发表时间: 2017-07-28 字数:90116字 阅读: 2142次 评论:0条 推荐星级:4星

第三十七集1隧道塌方处。日,内。隧道内。工人、民兵在继续背诵奥斯特洛夫斯基的名言:“当他回首往事的时候,不因碌碌无为而羞耻,也不因虚度年华而懊悔。这样,他在临死的时候,他能够说,我的整个生命和全部
 

  

1 隧道塌方处。日,内。

隧道内。工人、民兵在继续背诵奥斯特洛夫斯基的名言:“……当他回首往事的时候,不因碌碌无为而羞耻,也不因虚度年华而懊悔。这样,他在临死的时候,他能够说,我的整个生命和全部精力,都已经献给了世界上最壮丽的事业,为人类的解放而斗争!”

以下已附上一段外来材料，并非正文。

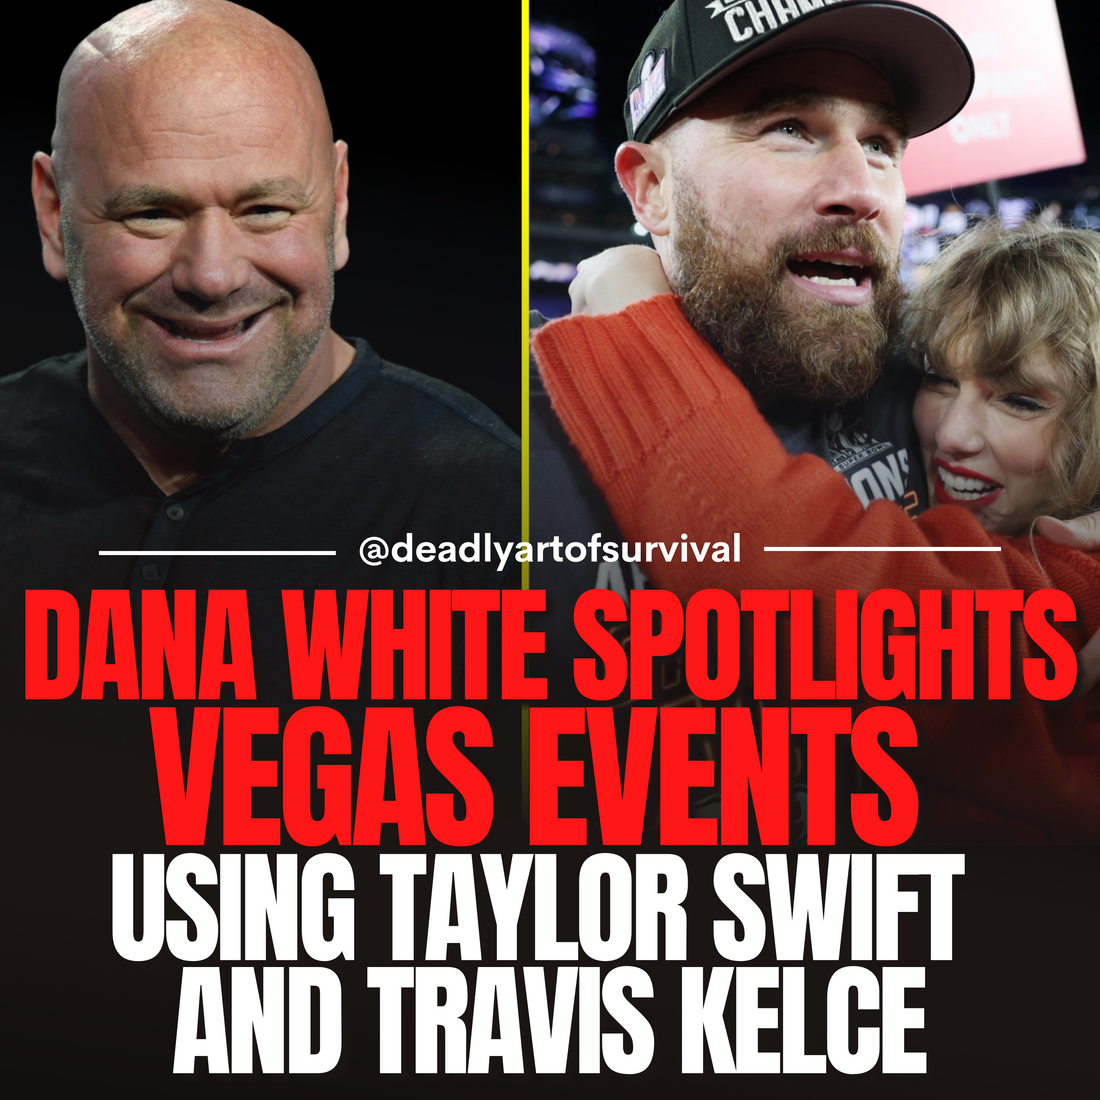 Dana-White-Spotlights-Vegas-Events-by-using-Travis-Kelce-and-Taylor-Swift deadlyartofsurvival.com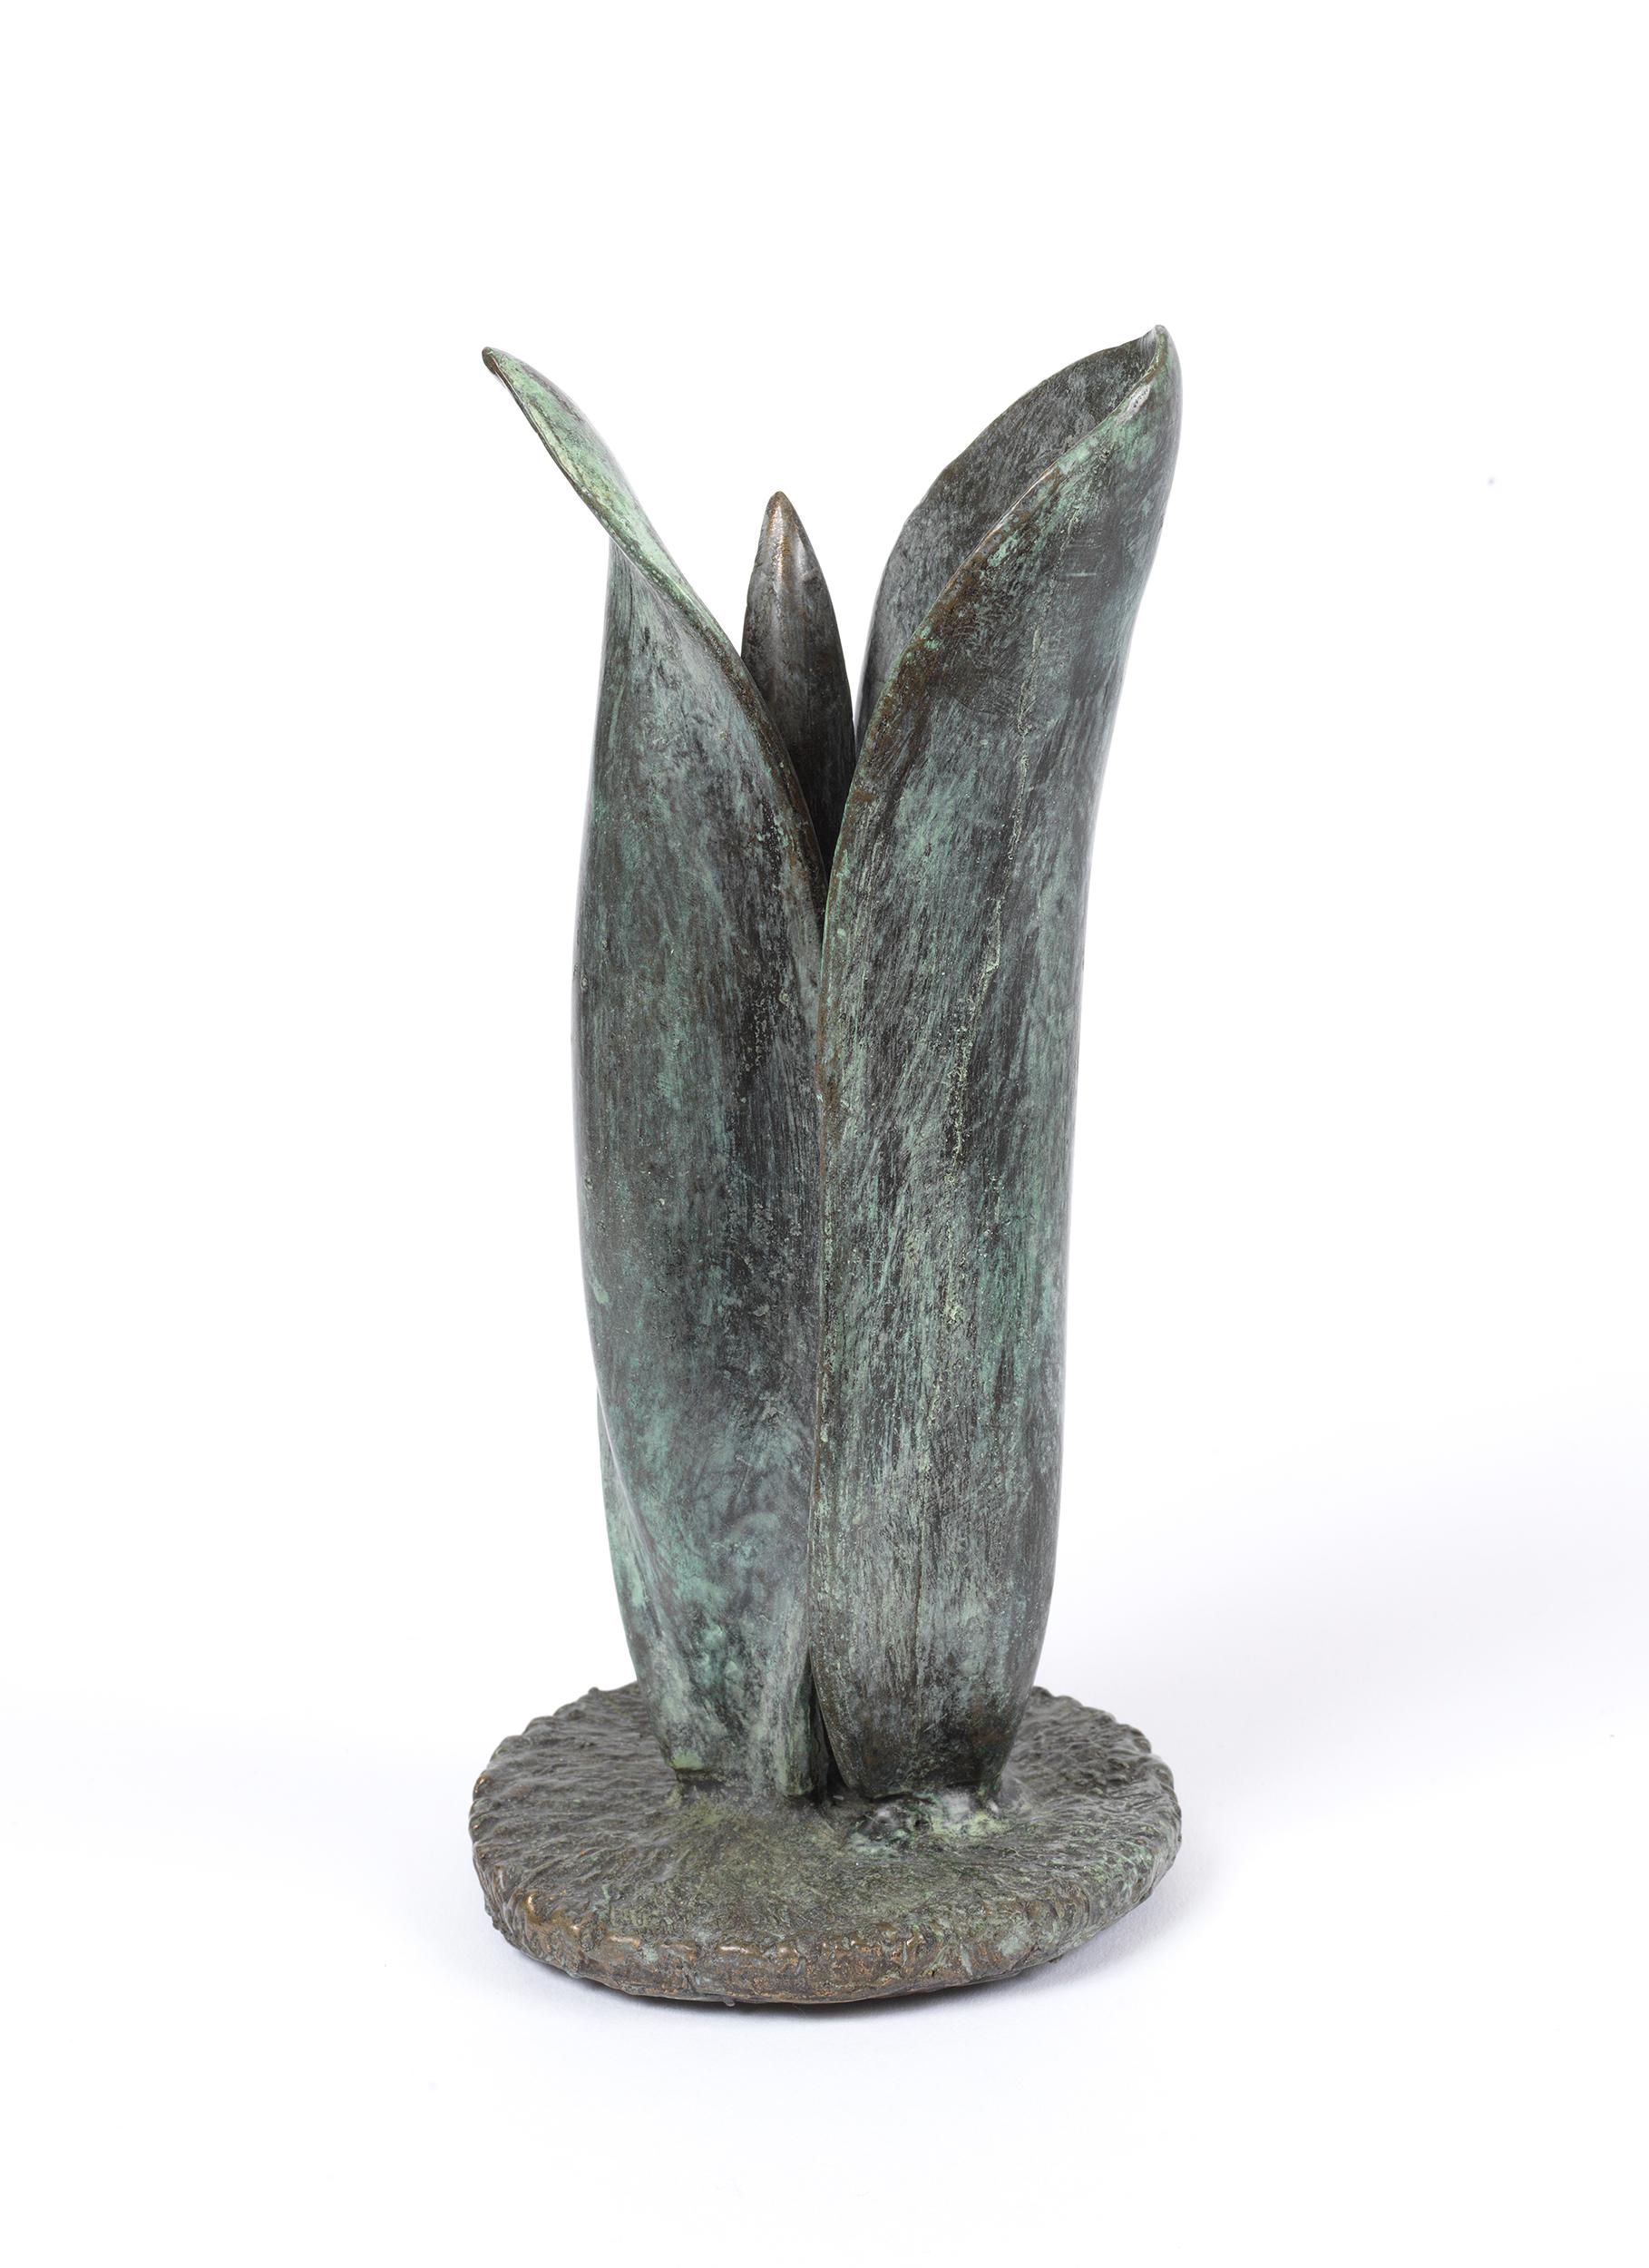 Tulip - bronze sculpture of emerging spring tulip - Sculpture by Sylvia Beckman

伍吉生声音:“同志们,正如奥斯特洛夫斯基所说,我们也是在为人类解放而斗争,为什么这样说呢,修建这条战备铁路,就是为了和美帝国主义做斗,争。美帝国主义侵略越南,是妄想以越南为跳板来侵略我们中国,我们中国是全世界殖民地人民争取民族解放斗争的旗帜和坚强后盾。”

魏新国:“因此,同志们!即使我们今天牺牲了,也是值得的。”

赵卫东嘤嘤地哭了起来。

刘道声音:“西门庆,你怕死?”

赵卫东声音:“我不是舍不得这个美好的世界,我是舍不得同志们兄弟们!”

刘道:“有什么舍不得的,大家一起死,多好!”

“哎哟……哎……哟……”突然黑暗中有人在轻轻呻吟。

伍吉生警觉地问的声音:“谁?是不是被掉下的石头砸着了?”

“谁?大家再听听!”魏新国的也问道。

杨天民声音:“我也听到喊哎哟的声音。”

刘道声音:“没谁被石头砸着,声音是从另一个地方发出的。”

伍吉生声音:“别说话,大家听听!”

黑暗的画面立刻沉寂下来。

“哎哟……”黑暗中又传来了呻吟的声音。

“是脑膜炎!”刘道欣喜地大叫了起来声音,“弟兄们!脑膜炎还没死!”

伍吉生声音:“是,是老李,老李,你在哪里?”

“哎哟……哎……哟……哎哟哟!”传来的确实是李巳年的声音。

伍吉生声音:“老李,你别急,我来救你。”

黑暗中,李巳年断断续续的声音:“你……你不……你不……要……来,我要……要死了,你……你们……好……好好……躲着,我……活……活着也……讨……讨不……到……婆……娘,白做……白做一……一世人,你……你们……比我……强……强多了……讨婆娘……多……多生……几个……崽……哎哟……哎哟……”

伍吉生悲痛的声音:“老李!”

其他人悲痛的声音:“老李!”

魏新国声音:“别去!别去!没办法的事,如果去,也许会造成更大的牺牲!”

又传来李巳年的声音:“不……不要……来,你来,我……死了……你陪……陪葬……赵……赵卫……东,我……我对……对不……对不起你……”

赵卫东哽咽的声音:“老李,都什么时候了,别提了!”

李巳年声音:“卫……卫……卫东……我要……要死……了,我……我是对……对……对不……起……你……”

赵卫东声音:“老李,我不怪你,是我不对。”

李巳年断断续续的声音:“……那晚……你和……钱桂兰,是我……”声音嘎然而止。

赵卫东哭着的声音:“老李,你……你慢走!”

伍吉生哭叫的声音:“老李——”

大家齐声哭叫的声音:“老李——”

 

2 抢险现场。日,外。

抢险在紧张地进行着。

县指指挥长焦急地问铁二局工程处领导:“处长,怎么还没到工作面。”

工程处领导:“指挥长,这次塌方从K3507+203标段到K3557+028标段,一下子塌了五十多米,整个中层全部塌下了,土石方量很多,起码要十四个小时才能完成。”

向郡国:“处长,你们长年与隧道掘进打交道,估计里面没压着人有生还的可能吗?”

工程处领导:“很难说啊!如果里面缺氧,生还的希望就不大了。”

 

3 隧道口。日,外。

石支书率领一队社员挑着畚箕,拿着锄头急急赶来,石竹珍走在队伍的最前面,他们二话没说就要往里面走。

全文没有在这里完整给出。